There’s nothing quite like deposing an opponent’s retained testifying liability expert. They are typically skilled and savvy deponents who know many of the tricks of the trade. They make much of their living testifying in court. Past deposition transcripts, if they can be located, yield a wealth of information about the expert’s background, methodology, and, of course, their pet peeves. Plus, these experts usually know of the Daubert case and what must be done to avoid being excluded as an expert in a case. Some experts even advertise on their websites that they have never been excluded by the Daubert case.
Why would they do that?
It seems a curious statement to make, particularly if the expert has been around long enough to have been challenged on multiple occasions in litigation across the country. Diligent counsel will always locate and review an opponent’s expert’s website, if one exists. If the expert maintains that he or she has never been excluded on such grounds, defense counsel would naturally ask if that fact were still true. If so, the required follow up question becomes: “If you’ve not been excluded on Daubert grounds, on what grounds have you been excluded?”
Recently, we deposed an expert who made such a representation on his website. However, after spending less than five minutes on Westlaw, we discovered that he had been excluded in not one but three reported decisions. Note that these were decisions that were on Westlaw, and these findings may not have included unreported exclusions or those which occurred at the trial court level that were never appealed. One such exclusion came from the very first case in which the expert had offered opinions. At the deposition, we naturally confronted the expert with these three opinions and he claimed not to know of them. How is that?
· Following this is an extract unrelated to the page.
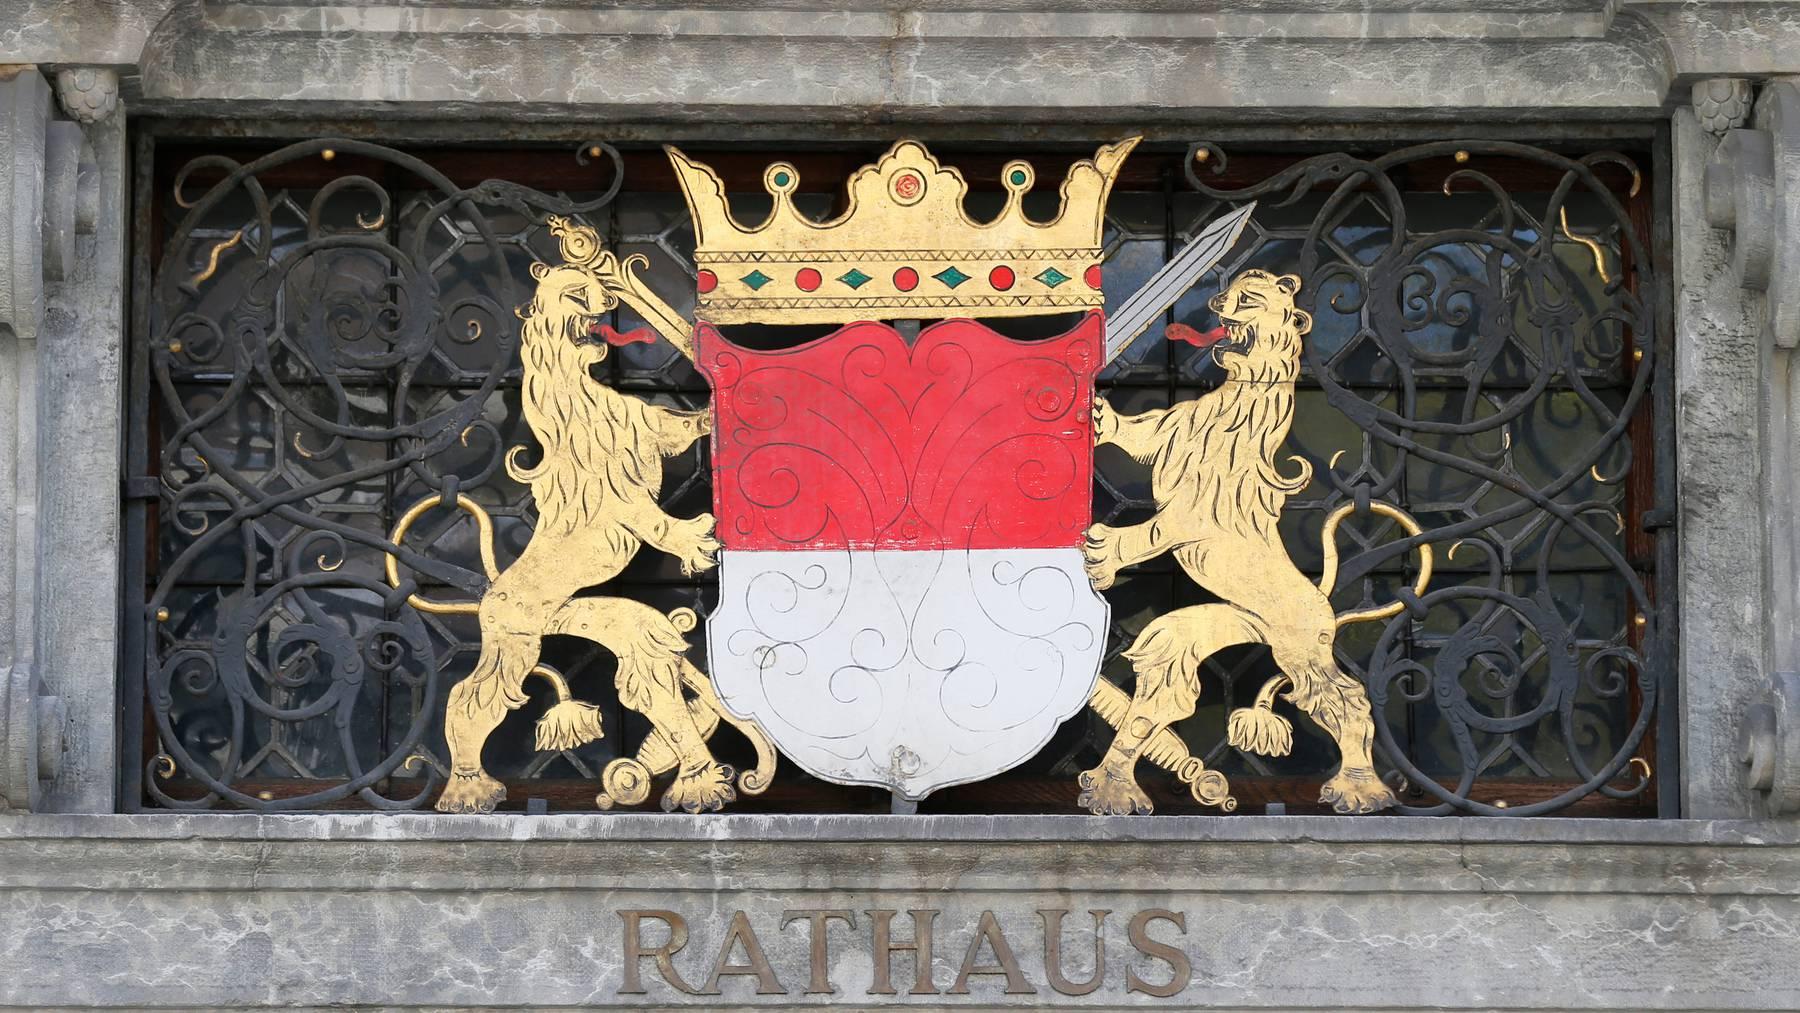 Der Kanton Solothurn verlängert seine Corona-Massnahmen bis Ende 2020. Grossveranstaltungen muss ab dem 1. Oktober der Kanton bewilligen.

Sure, two of the opinions were more than a decade old, but the third was from 2011 (and in that case, the trial court had excluded the expert, later granted a motion for new trial based on the belief that the exclusion was improper, and ultimately earned a reversal from the Court of Appeals because the expert’s opinions had been proven to be false by some properly admitted trial testimony).
How could someone not know that? Well, maybe the expert simply received a call from the lawyer who hired them noting that the case had settled or otherwise resolved, and that lawyer felt it unnecessary to reveal the full story. But how could an expert elect to make that representation on his or her website and then not track whether or not that was true?
We shouldn’t object too much, as it’s always fun to hand an expert a court opinion he or she has never seen before.